Came downstairs to a fight between the boys, lost my temper with them and they both ran off upstairs, upset. Then dh and I had a row and dd burst into tears. Eventually he stormed off to work late with nothing resolved and he is out at a user group/forum thing he runs to do with his work role tonight, so I am on my own then as well.
None of the dcs seems well enough to go back to school, in fact they all look like death warmed up and dd still can't speak more than a whisper (think it's laryngitis). I really want them to go back to school tomorrow, but that means three school runs, on crutches with a blooming wrenched shoulder.
Am also worrying about the amount of time they've had off sick so far this year, as I wouldn't put it past the school to use EWO to put the boot in.
We have an advocate coming round tomorrow evening to discuss the whole school mess and help us form a plan, but the place is upside-down with luggage from the weekend and the detrius of having three kids off sick while I'm not firing on all cylinders. Plus the paperwork is in a complete mess, because I have simply not been on top of things so far this school year, so I am going to look incompetent and a slattern all at the same time.
Can I start this week over please? Preferably with a better preceding weeknd?
I would look up about the ways around transport issues for DC's with SN's when the parent has a disability that stops them from driving - there ARE ways around it. Each LA is slightly different, but I'm dealing with this right now for my Y6 (Possible Aspergers, awaiting appointment for testing) DS1, who is unlikely to go to the local school, but to the far smaller Grammar school right across town, and transport will be a HUGE issue for me.
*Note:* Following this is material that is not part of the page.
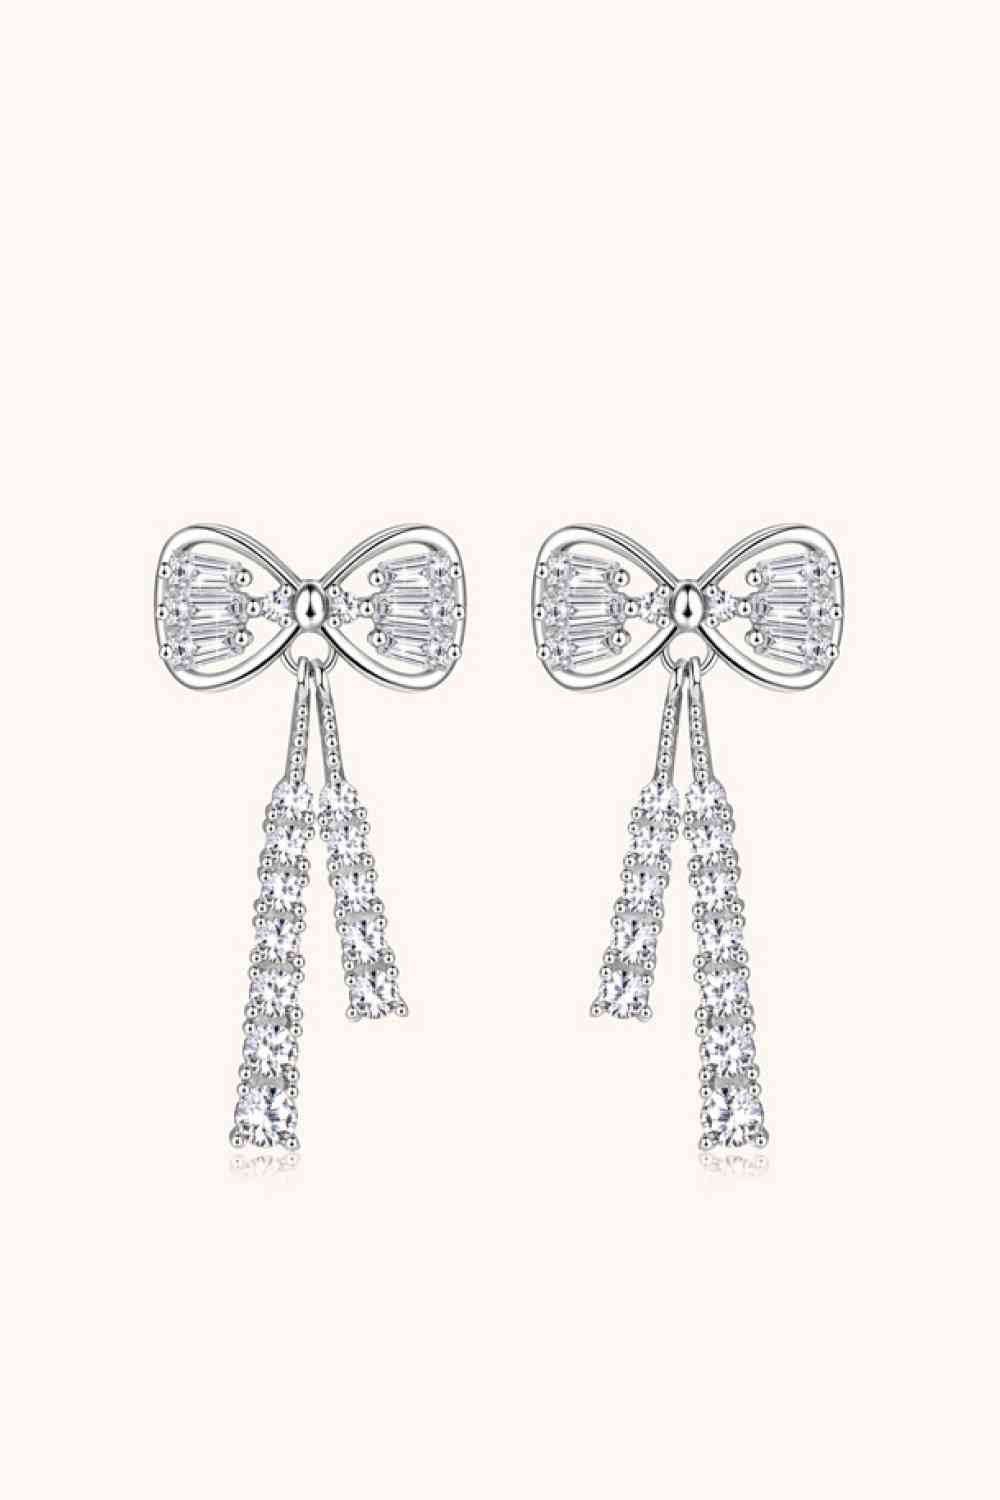 a pair of earrings with bows and diamonds
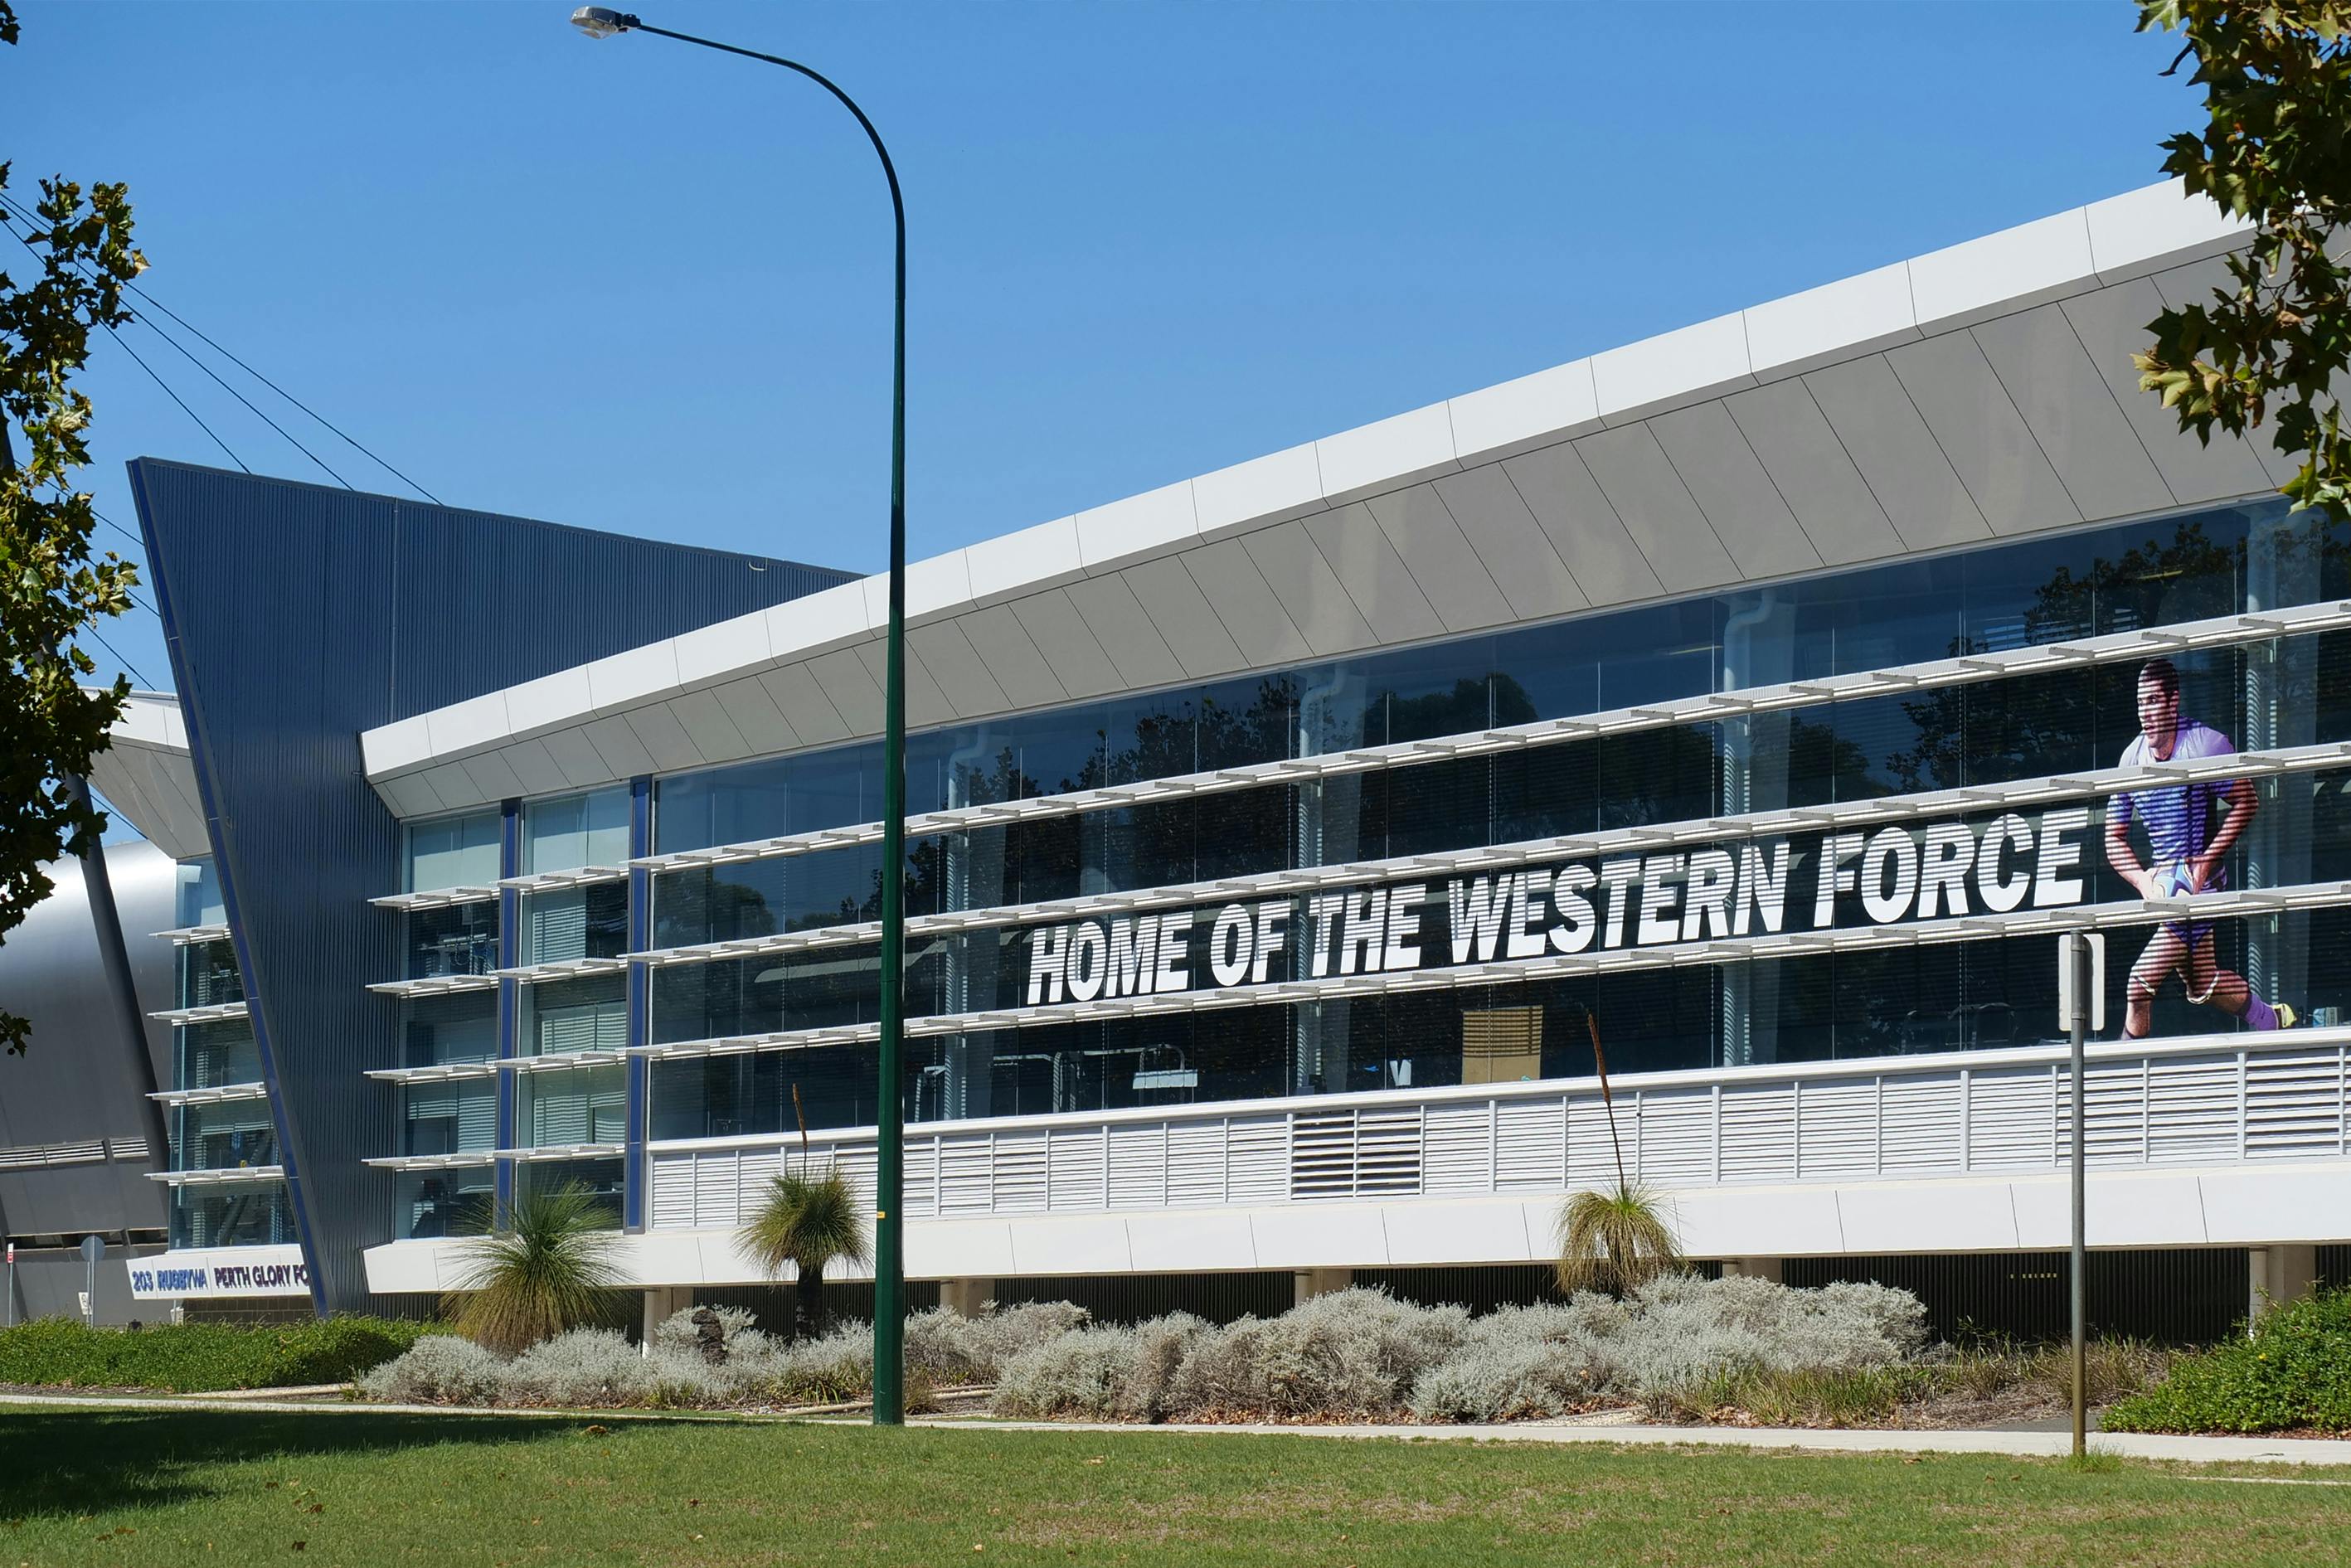 Home of Western Force

I've found loads of ways to get the costs covered.
I hope that I can help you both if this does become an issue!
God, DS1 is on the verge of the EWO, tbh they should have already been out. Before the October half term, his attendance dropped to 48%!
It's slowly climbing again, but he is very run down - he had antibiotic-resistant streptococcus infection in his throat and couldn't DRINK without painkillers for 6 weeks, AND halfway through that time, he had appendicitis and had his appendix out!
And because of the strep infection, one of his wounds still isn't healed properly, he STILL can't bend over 5 WEEKS after his operation, the wound is still oozing and having to be dressed daily, and yet I'm having to send him into school or the EWO will be out!